The country now has a kind of post-identity identity, O’Toole says.

“We had an identity which was so overwhelming and so suffocating in a way, that just being free of it is itself a source of national energy.

“If you talk to younger people, and say what's exceptional about Ireland, what's fantastic, they'd probably say, well, Ireland became the first country in the world to introduce same-sex marriage by popular votes, as it did in 2015.

“It was unimaginable, even 10 years before that. So, the Irish people undoing so much of that construct of this very conservative Catholicism. That is an energy in itself.”

Ireland has seen the danger that lies in toxic nationalism, he believes.

“We had a horrible, horrible experience of theocracy.

“And we had a horrible, horrible experience of where certain kinds of exclusive tribal nationalism can lead you. So, we have this terrible 30 year conflict in Northern Ireland of two competing nationalisms.

“I think, out of that, these bad examples, we've learned something about pluralism.

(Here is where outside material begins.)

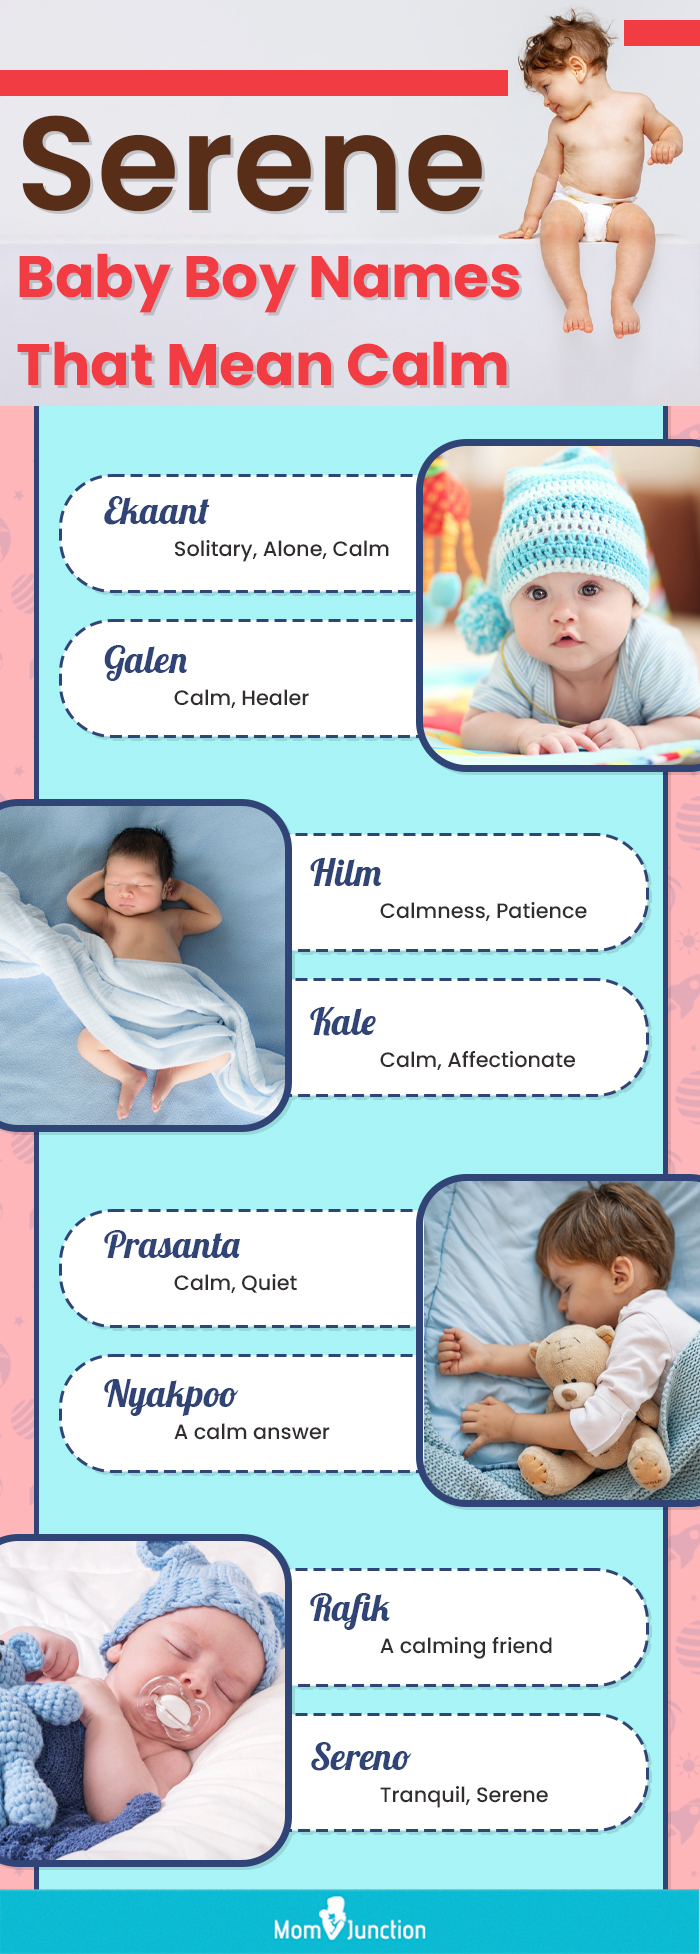 serene baby boy names that mean calm (infographic)

And we've learned that actually, you can have a very pluralistic identity, without losing your sense of belonging, or your sense of self.”

Ireland is one of the very few countries in Europe that does not have a have a right-wing, nationalist anti- immigrant party, he says.

“And it doesn't exist because we know that simplistic us and them politics leads you into a very dark place.”

Fintan O’Toole has worked as a columnist for The Irish Times since 1988.